Missing data estimation (Clyde study)
Transformation options for the Clyde environmental matrix, Clyde environment, are discussed in more detail in the following (PCA) section, but the tool to carry out separate transforms on sets of variables, Pre-Treatment>Transform(individual), rather than transforming the whole array, Pre-treatment>Transform(overall), was met in Section 4, applied to the environmental data from the Ekofisk oil-field study. Here, all heavy metals and organics (10 of the 11 variables) will benefit from log transformation, to reduce their right-skewness and so bring these continuous variables closer to normality across the sites (in so far as that can be judged from only 12 samples!). Thus, highlight all variables except Water Depth (Dep) and take Pre-treatment>Transform(individual)>(Expression: log(V+0.1)) & (✓Rename variables), renaming the result Clyde log abiotic. Give the variables in this sheet shorter names (e.g. lnCu, lnMn etc) with Edit>Labels>Variables.

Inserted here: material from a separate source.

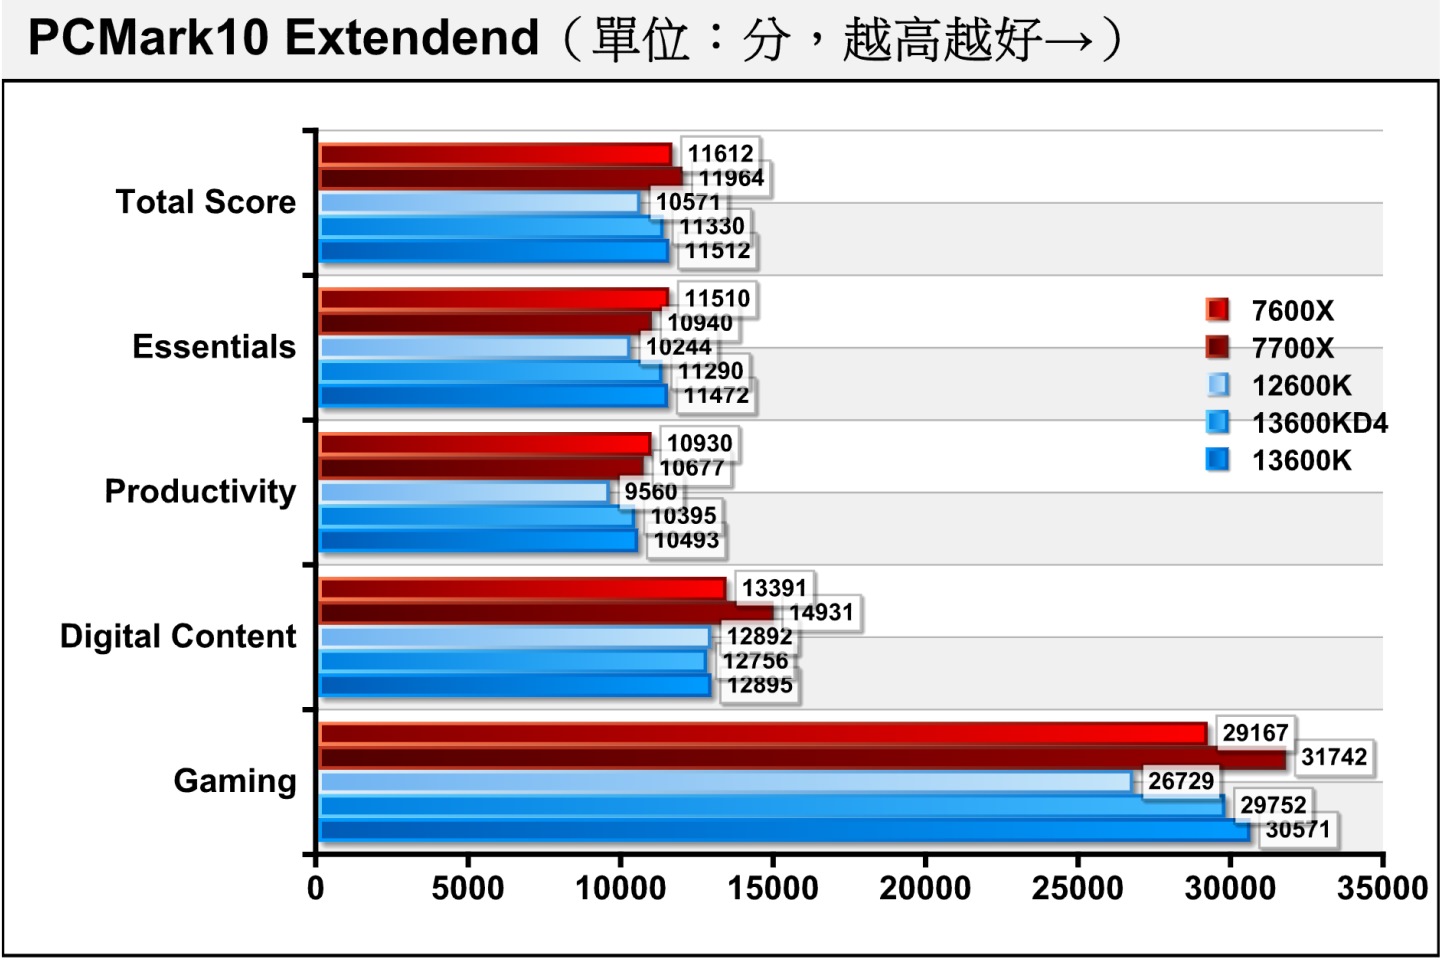 在綜合效能測試項目PCMark10 Extendend，Core i5-13600K使用DDR4、DDR5記憶體的各項目效能大約落後0.94~2.68%不，總分僅相差1.58%，差異並不是很大。
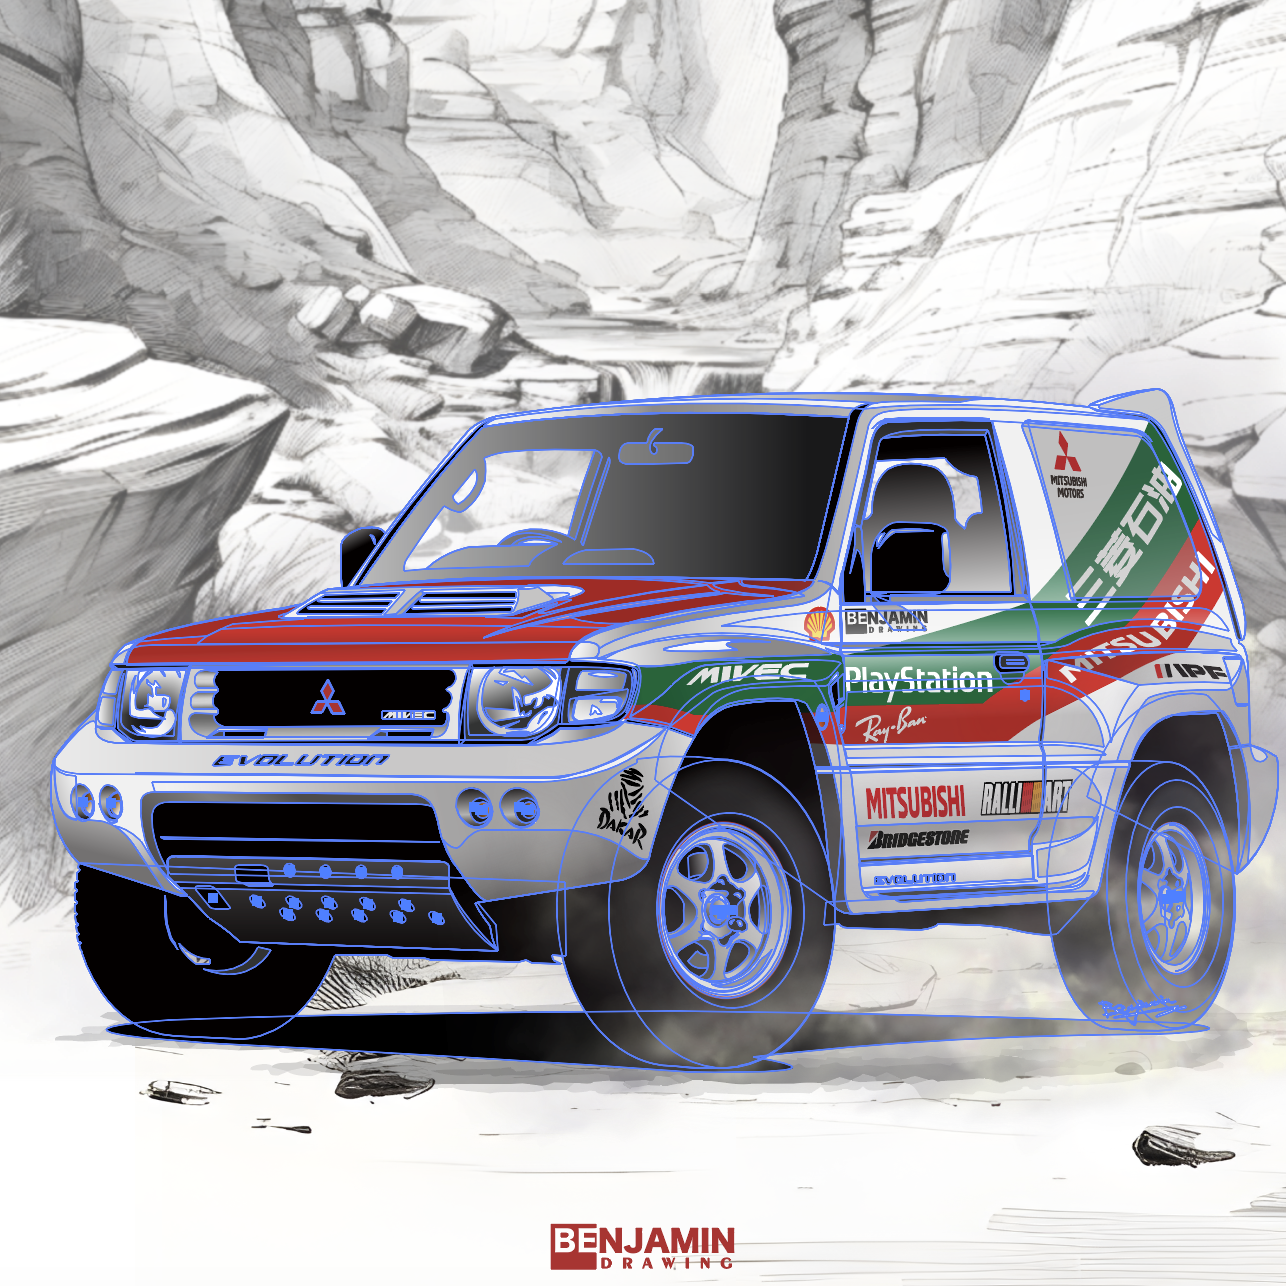 三菱帕杰罗 Mitsubishi pajero 达喀尔拉力赛涂装插画图片壁纸

Take a copy with Tools>Duplicate and from this remove a couple of cells at random – perhaps (S4, lnCu) and hit the delete key, then (S7, lnPb) and delete again. Both cells will now be displayed as Missing!. Analyse>Draftsman Plot on this transformed data shows that normality assumptions are probably now acceptable (see the following section) but the above DpP criterion for the whole matrix fails badly (n = 12, p = 11, m = 2, so DpP = 1.7) and we should not trust the outcome even if Tools>Missing converges (it does not, here). The correlation matrix output with the drafts¬man plot does, however, show some very high correlations between e.g. Cu, Pb and Zn, which gives a better basis for prediction than the whole matrix. So, select just these three variables (highlight them then Select>Highlighted), and Tools>Missing produces credible missing data estimates of 4.18 (S4, ln Cu) and 5.26 (S7, ln Pb), compared with the original 4.31 and 5.17. Note that the ratio DpP = 3.3, which is still some way from respectability, but clearly is capable (sometimes at least) of producing useful results. The results window shows that the imprecision (under the assumption that the value is missing at random, of course) is lower for the estimated (S7, Pb) reading than the (S4, Cu) value, though both are rather well determined. The standard deviation of the estimate for (S7, Pb) is about 0.07 and for (S4, Cu) about 0.30, so that rough confidence intervals are (3.6, 4.8) and (5.8, 6.1) respectively. The reason for this difference in precision is clear from the draftsman plot for these three Cu, Zn, Pb variables, on which the respective points are manually circled (the plot window was copied and pasted to Powerpoint with Ctrl-C and Ctrl-V). The linear relationship between Pb and one of the other variables (Pb) is seen to be extremely tight, whereas Cu is not so highly correlated with either Zn or Pb, so there is inevitably greater uncertainty in the interpolation – it is a consequence of the multivariate normality condition that these relationships are estimated as straight lines. The estimates now need to be individually copied (click in the cell and Ctrl-C) and pasted back into the full matrix (Ctrl-V at the cursor). Of course the process is more automatic in less borderline cases, with larger n, when the full matrix can be input to Tools>Missing.